Collection entries
--------------------------------
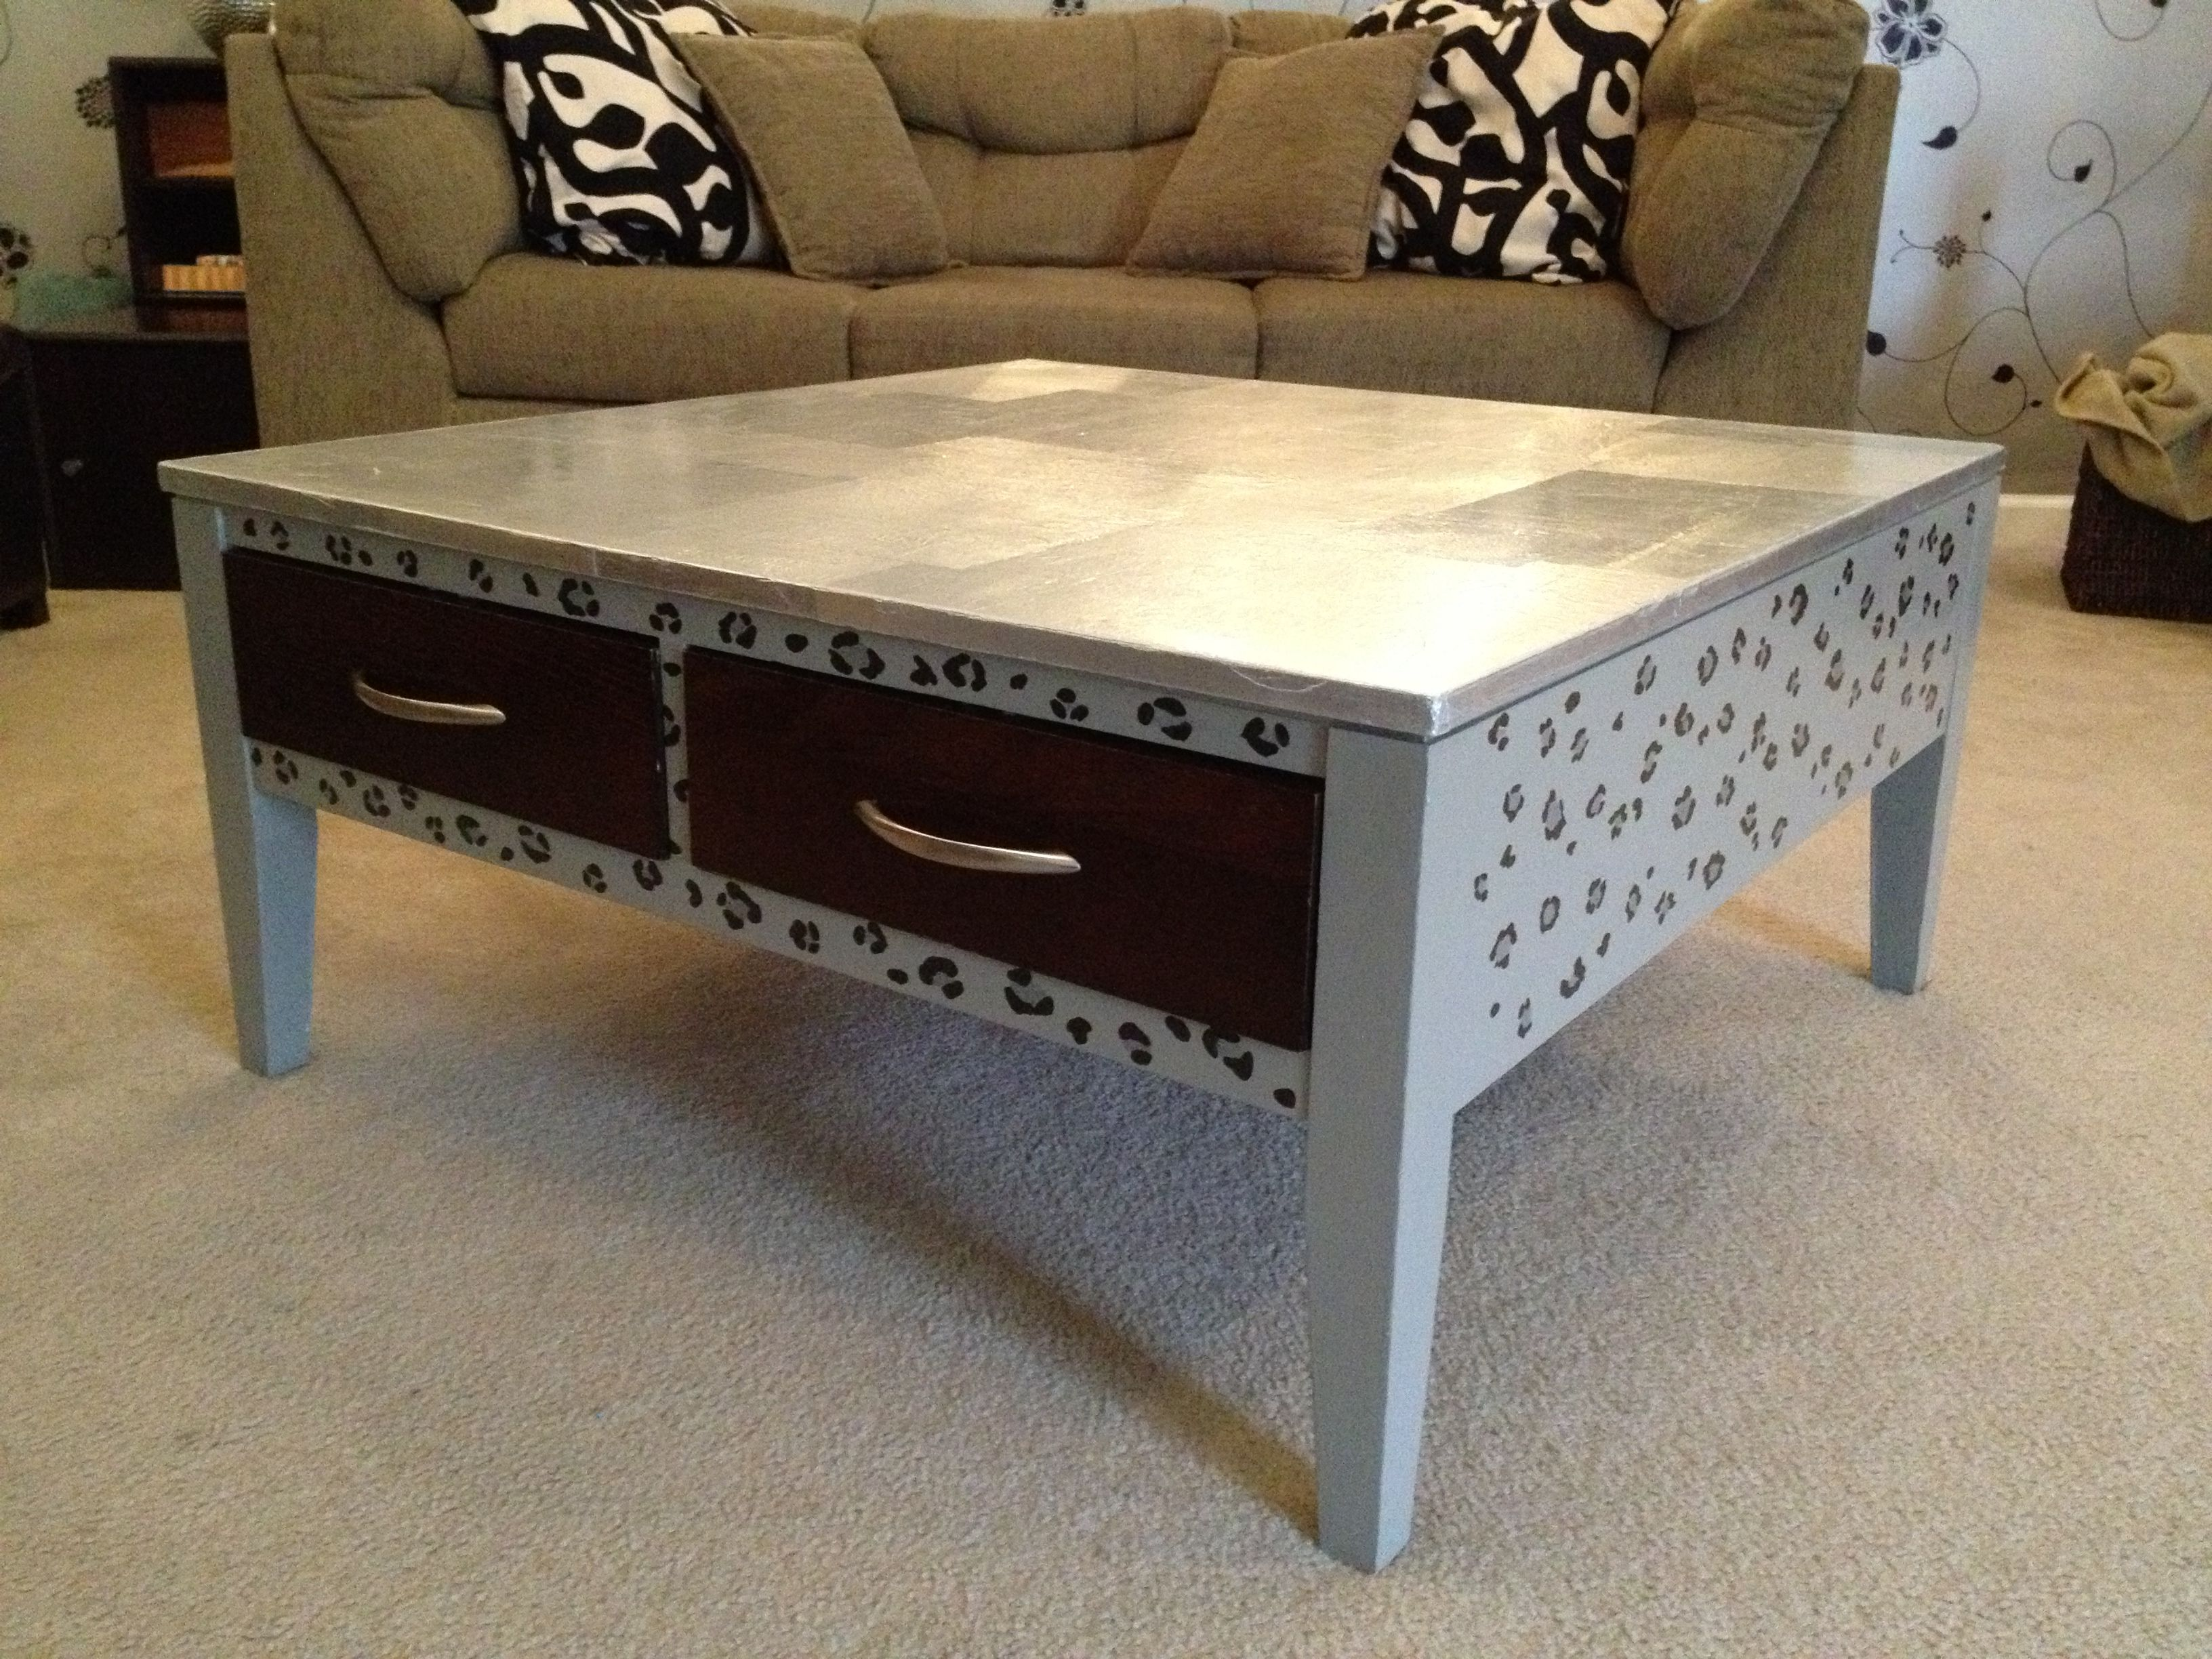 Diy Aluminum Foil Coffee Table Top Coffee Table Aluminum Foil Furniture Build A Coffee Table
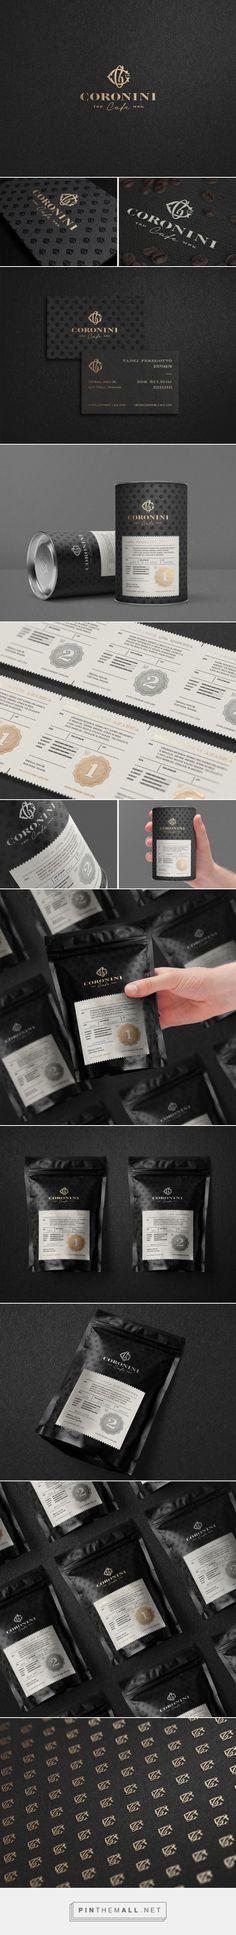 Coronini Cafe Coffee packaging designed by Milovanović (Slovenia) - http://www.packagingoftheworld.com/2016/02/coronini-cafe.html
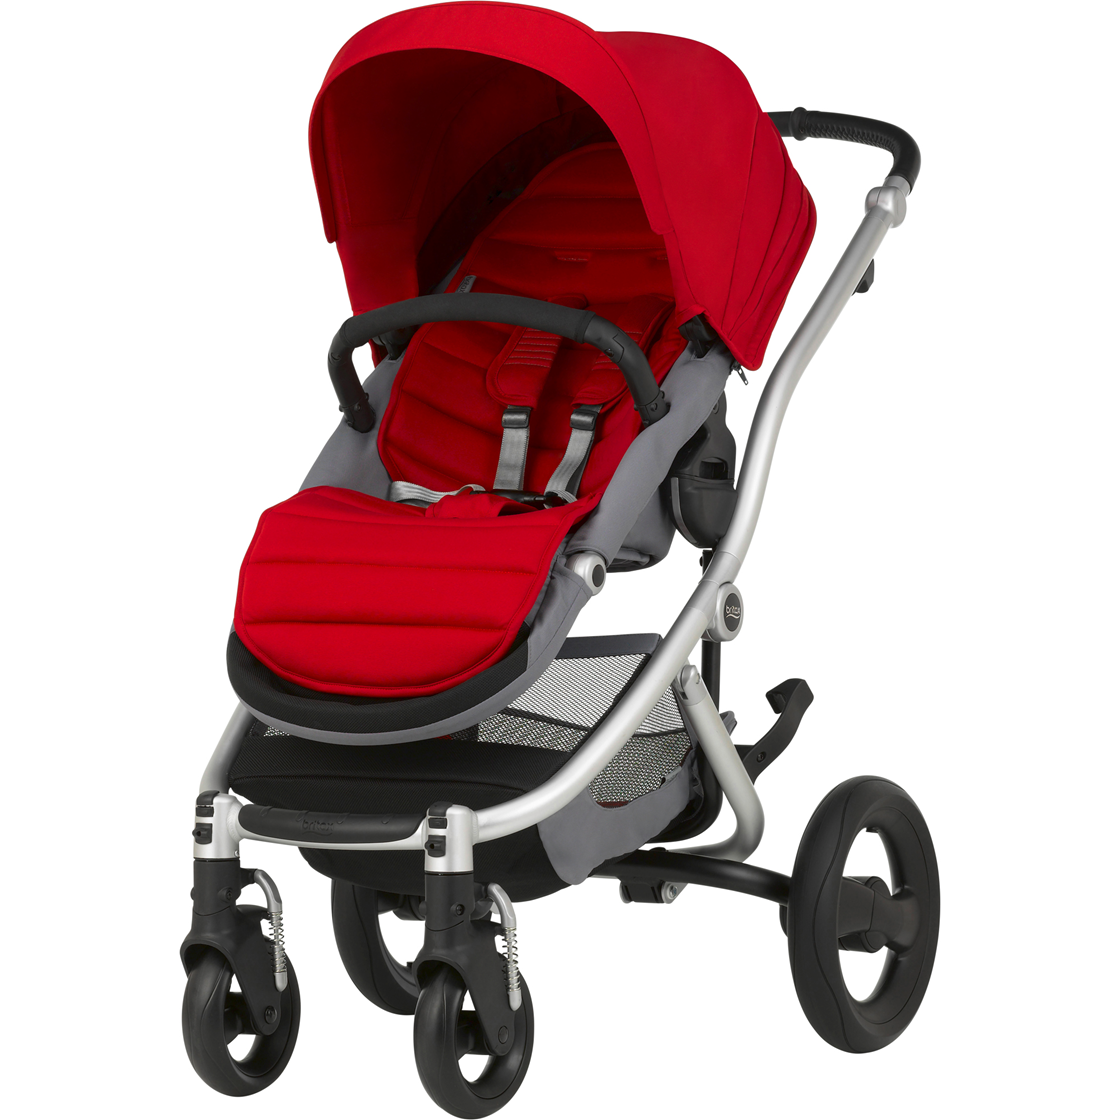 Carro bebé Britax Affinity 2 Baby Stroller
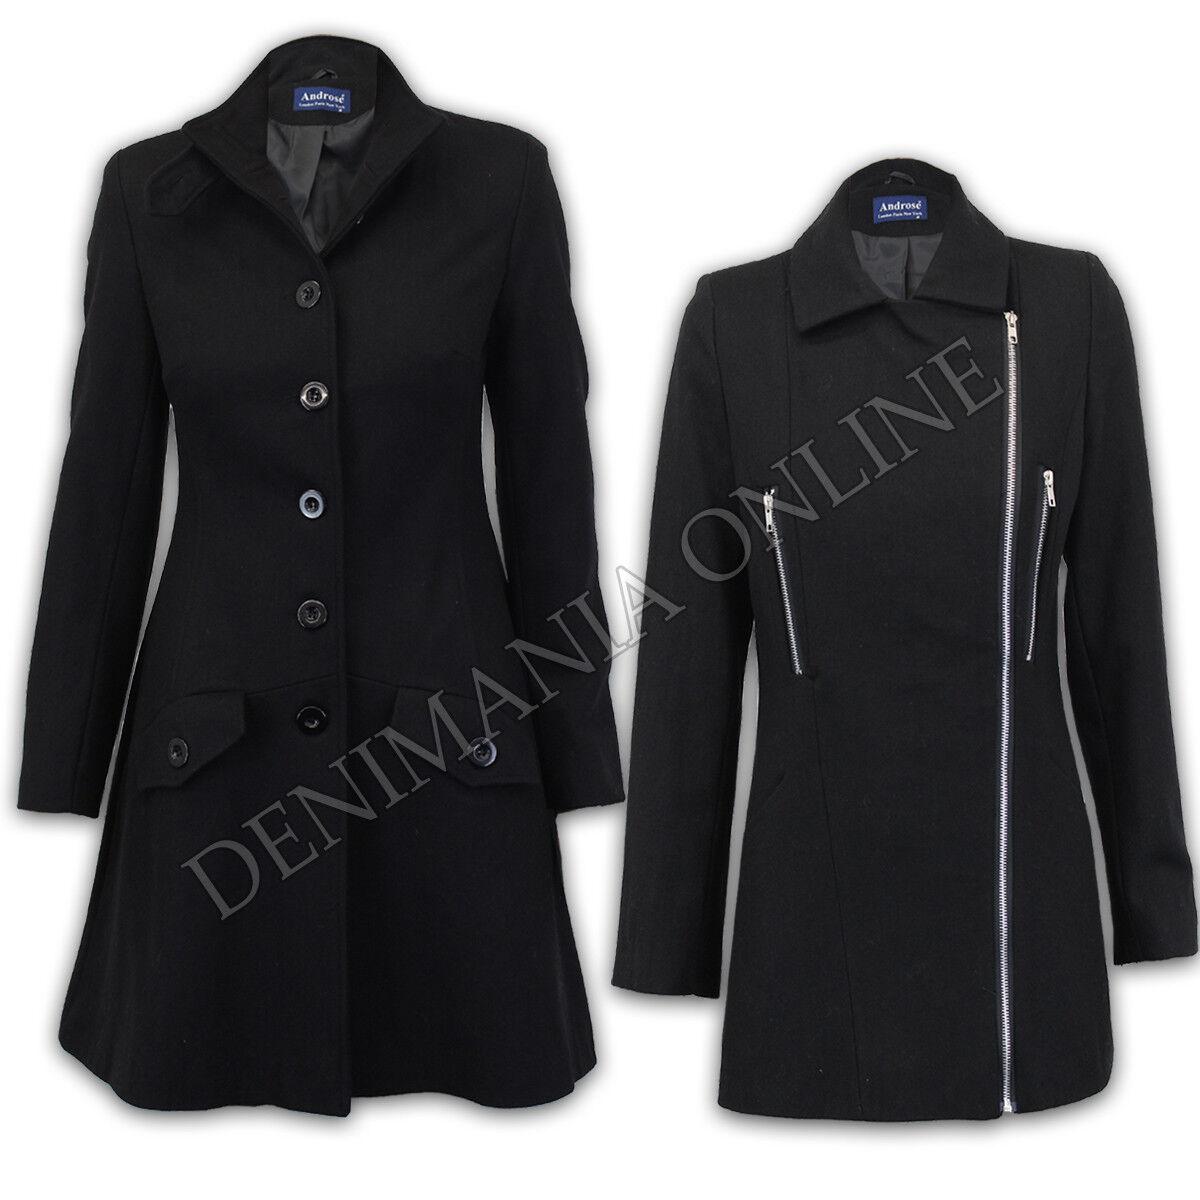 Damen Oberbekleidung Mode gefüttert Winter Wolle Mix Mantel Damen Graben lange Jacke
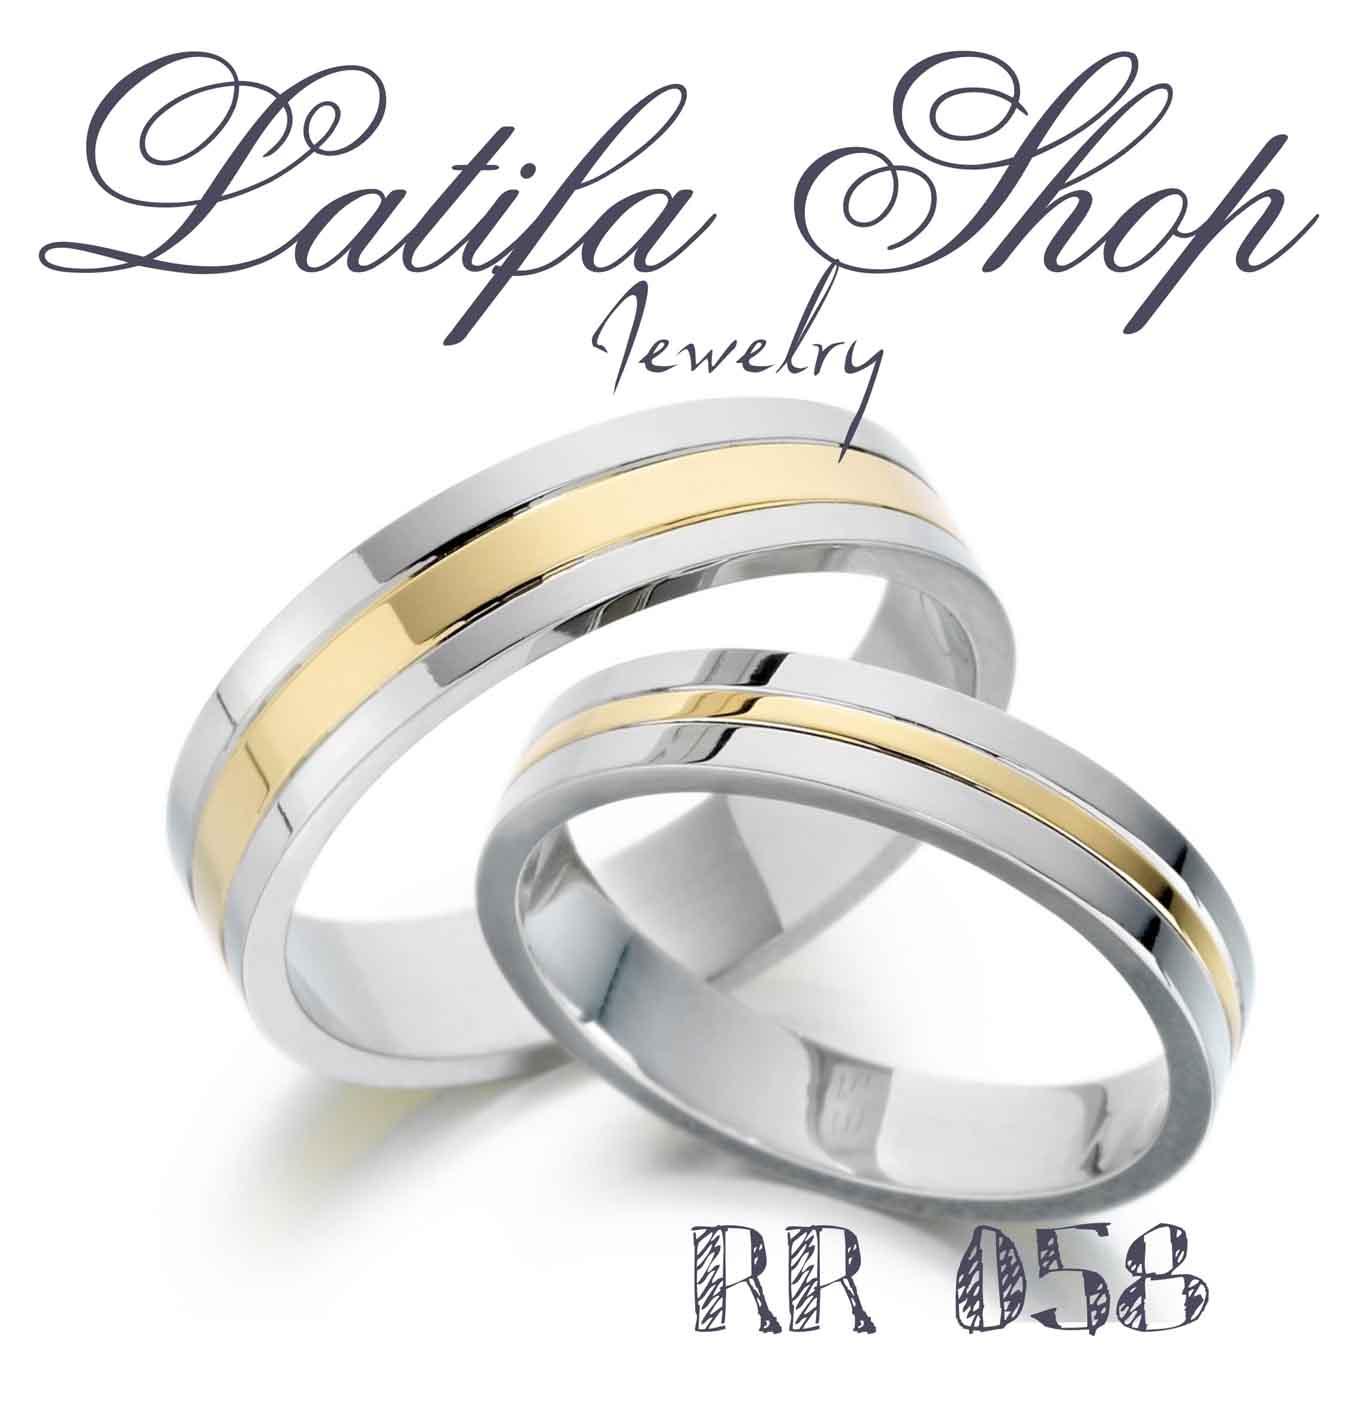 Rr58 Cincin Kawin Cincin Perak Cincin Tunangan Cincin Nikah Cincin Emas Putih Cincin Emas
--------------------------------
## Task objective:
Nothing but the lines from the one containing "Coronini Cafe Coffee" through the end of the entries should be written out, exactly and without pictures.

## Response area:
 Coronini Cafe Coffee packaging designed by Milovanović (Slovenia) - http://www.packagingoftheworld.com/2016/02/coronini-cafe.html
 Carro bebé Britax Affinity 2 Baby Stroller
 Damen Oberbekleidung Mode gefüttert Winter Wolle Mix Mantel Damen Graben lange Jacke
 Rr58 Cincin Kawin Cincin Perak Cincin Tunangan Cincin Nikah Cincin Emas Putih Cincin Emas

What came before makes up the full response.